Start of Block

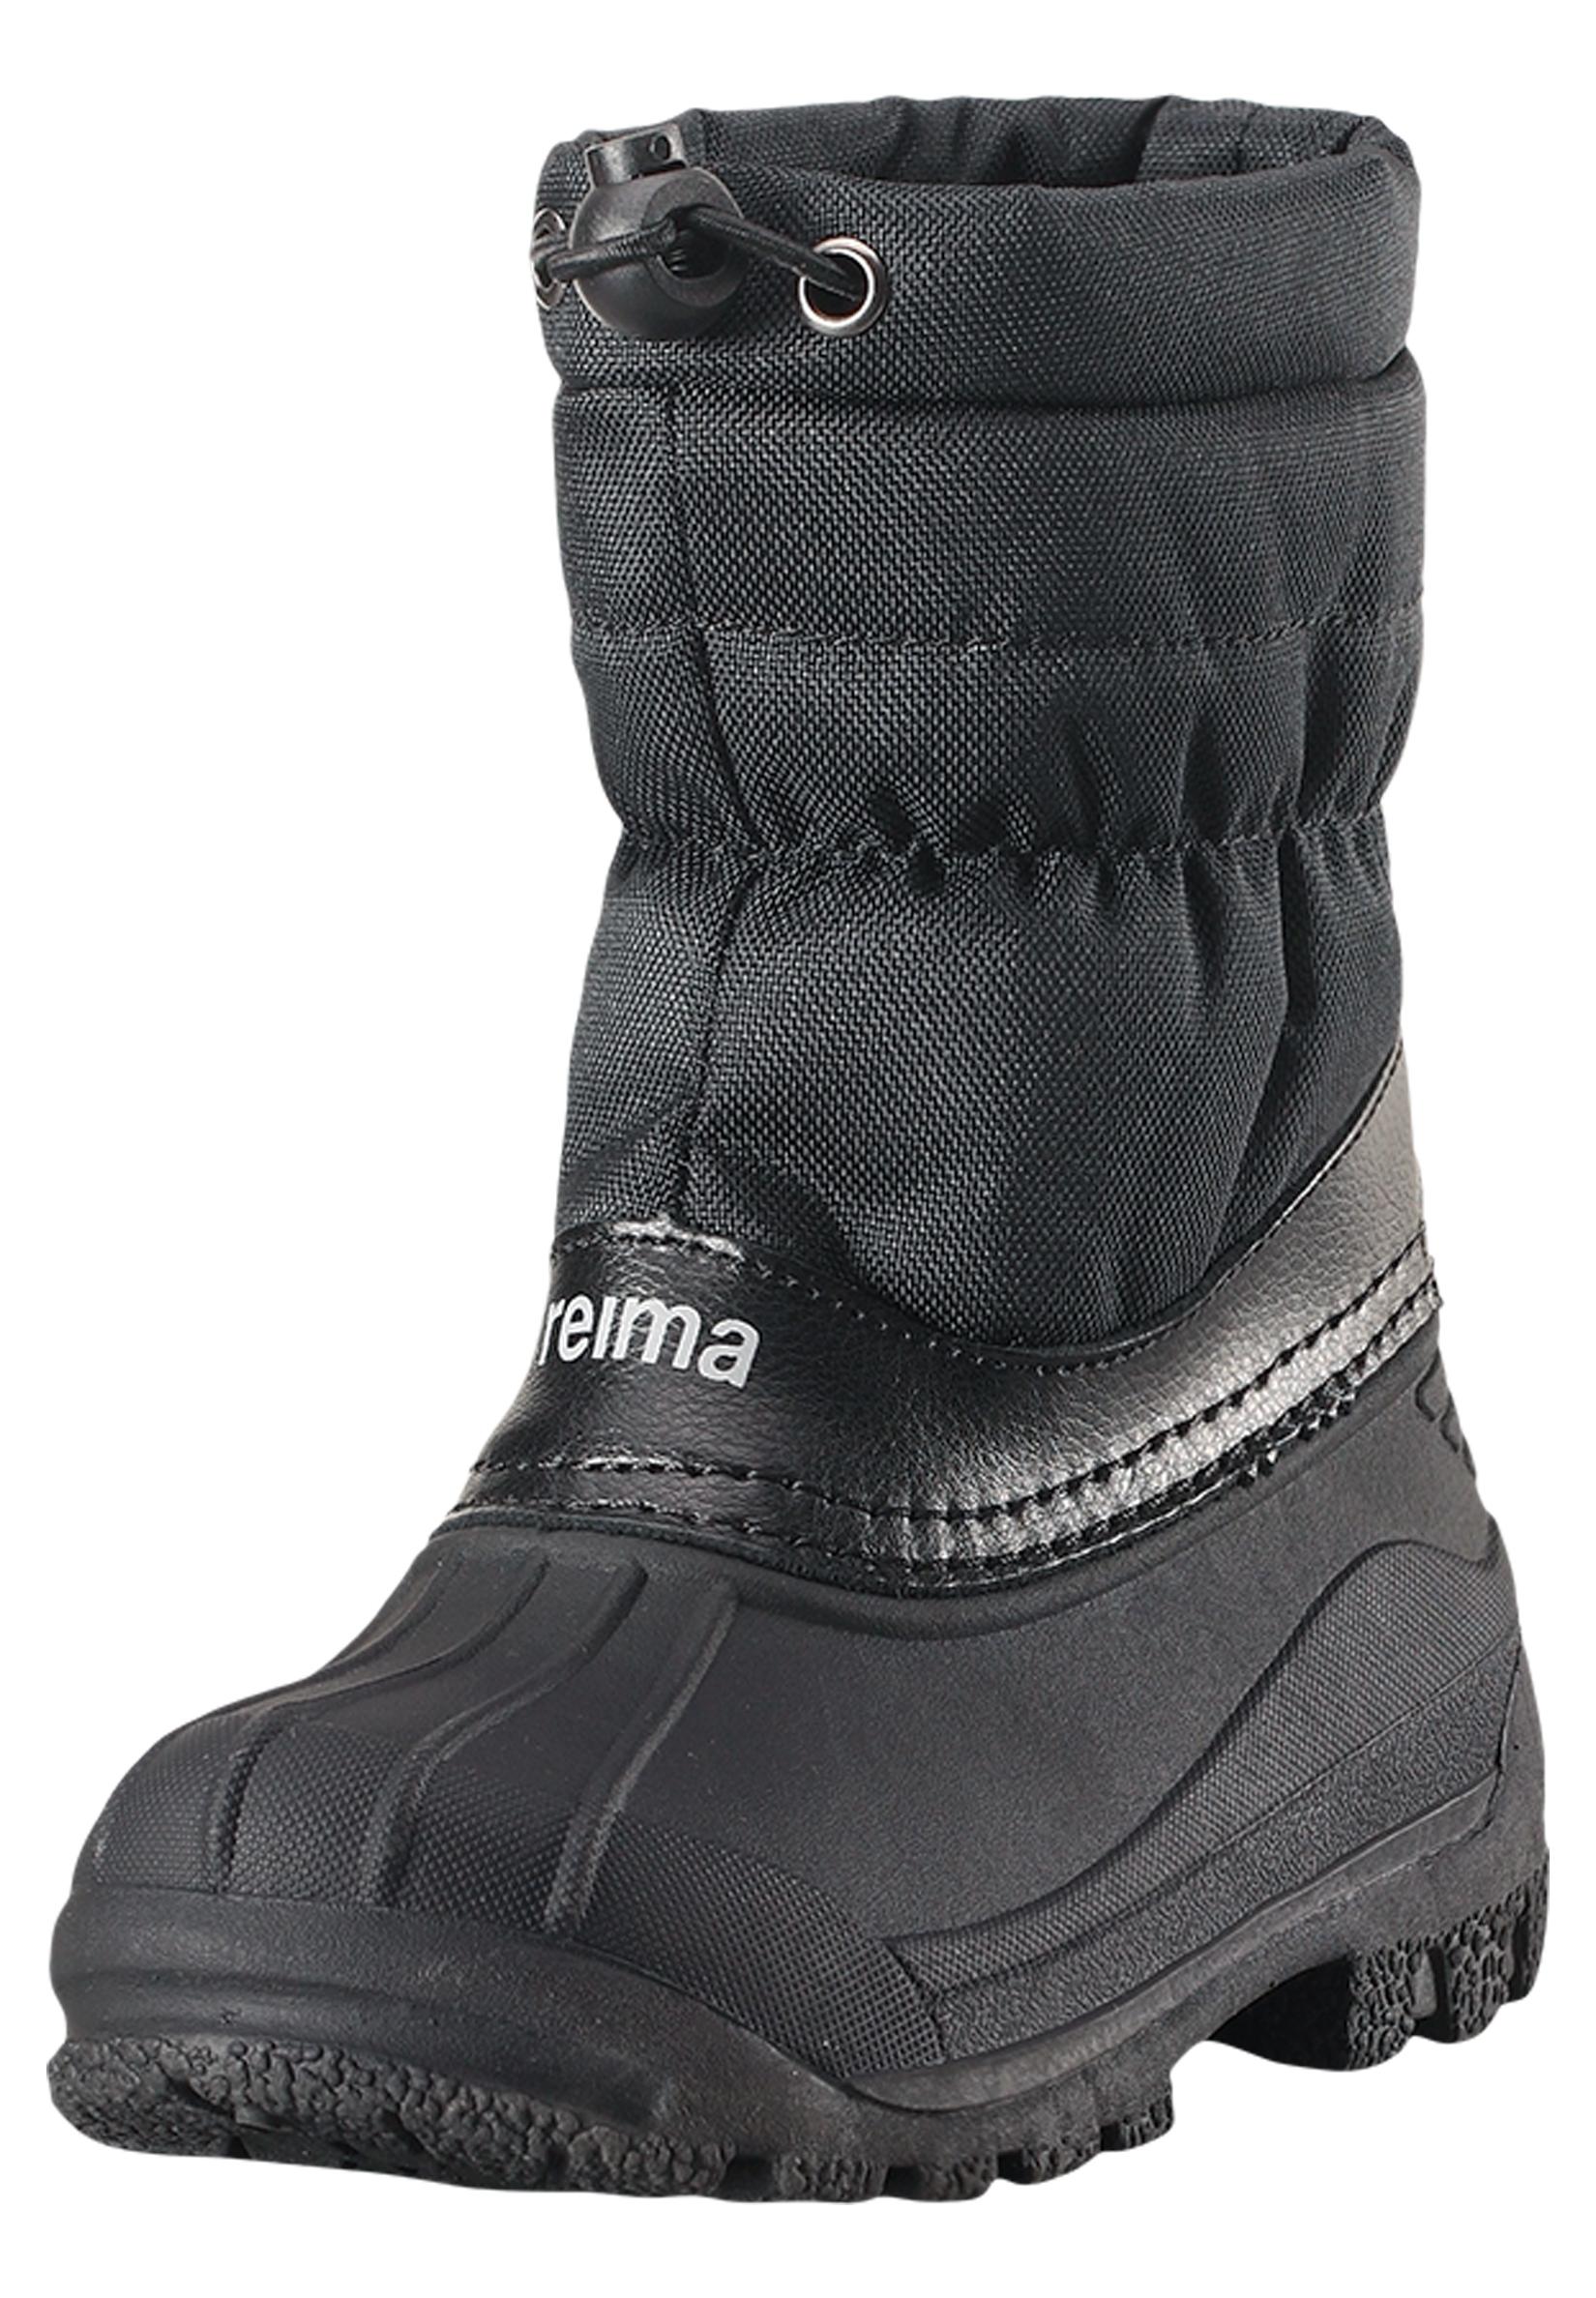 Ботинки и полуботинки Reima Ботинки для мальчика Reima, черные ботинки для мальчика reima черные
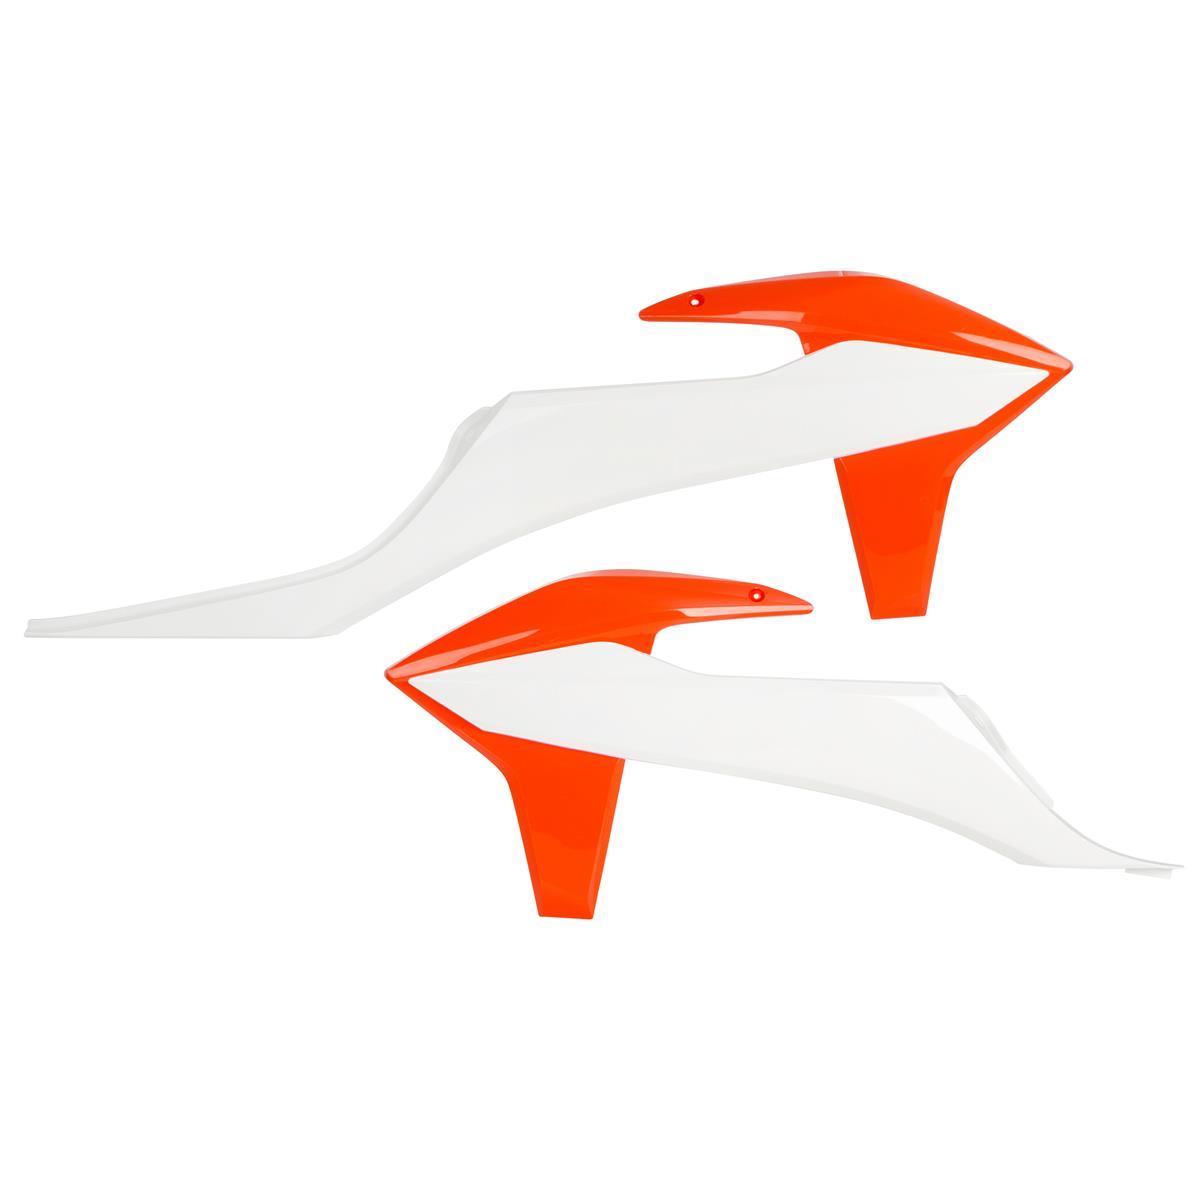 Acerbis Kühlerspoiler  KTM SX/SX-F 19-20, EXC/EXC-F '20, Weiß/Orange
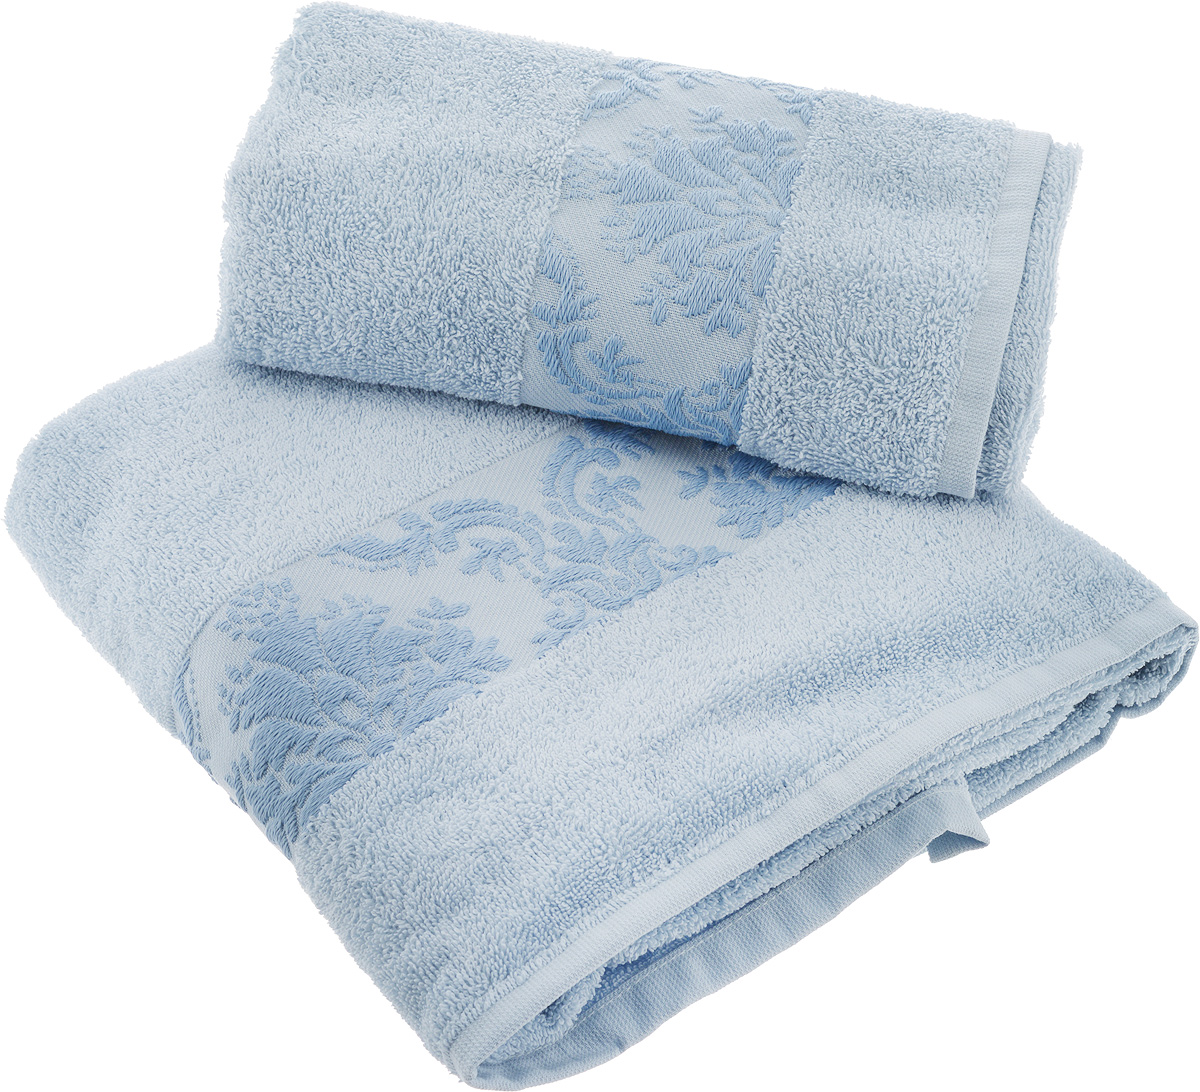 Набор махровых полотенец Hobby Home Collection Ruzanna, цвет: голубой, 2 шт68/5/3Набор Hobby Home Collection Ruzanna состоит из 2 махровых полотенец, выполненных из натурального 100% хлопка. Изделия отлично впитывают влагу, быстро сохнут, сохраняют яркость цвета и не теряют формы даже после многократных стирок.Изделия упакованы в подарочную коробку.Размер маленького полотенца: 50 х 90 см.Размер большого полотенца: 70 х 140 см.

End of Block

[EXERCISE OBJECTIVE]:
Omit the pictures and output all of the other material exactly.

[EXERCISE SOLUTION]:
 Ботинки и полуботинки Reima Ботинки для мальчика Reima, черные ботинки для мальчика reima черные
 Acerbis Kühlerspoiler  KTM SX/SX-F 19-20, EXC/EXC-F '20, Weiß/Orange
 Набор махровых полотенец Hobby Home Collection Ruzanna, цвет: голубой, 2 шт68/5/3Набор Hobby Home Collection Ruzanna состоит из 2 махровых полотенец, выполненных из натурального 100% хлопка. Изделия отлично впитывают влагу, быстро сохнут, сохраняют яркость цвета и не теряют формы даже после многократных стирок.Изделия упакованы в подарочную коробку.Размер маленького полотенца: 50 х 90 см.Размер большого полотенца: 70 х 140 см.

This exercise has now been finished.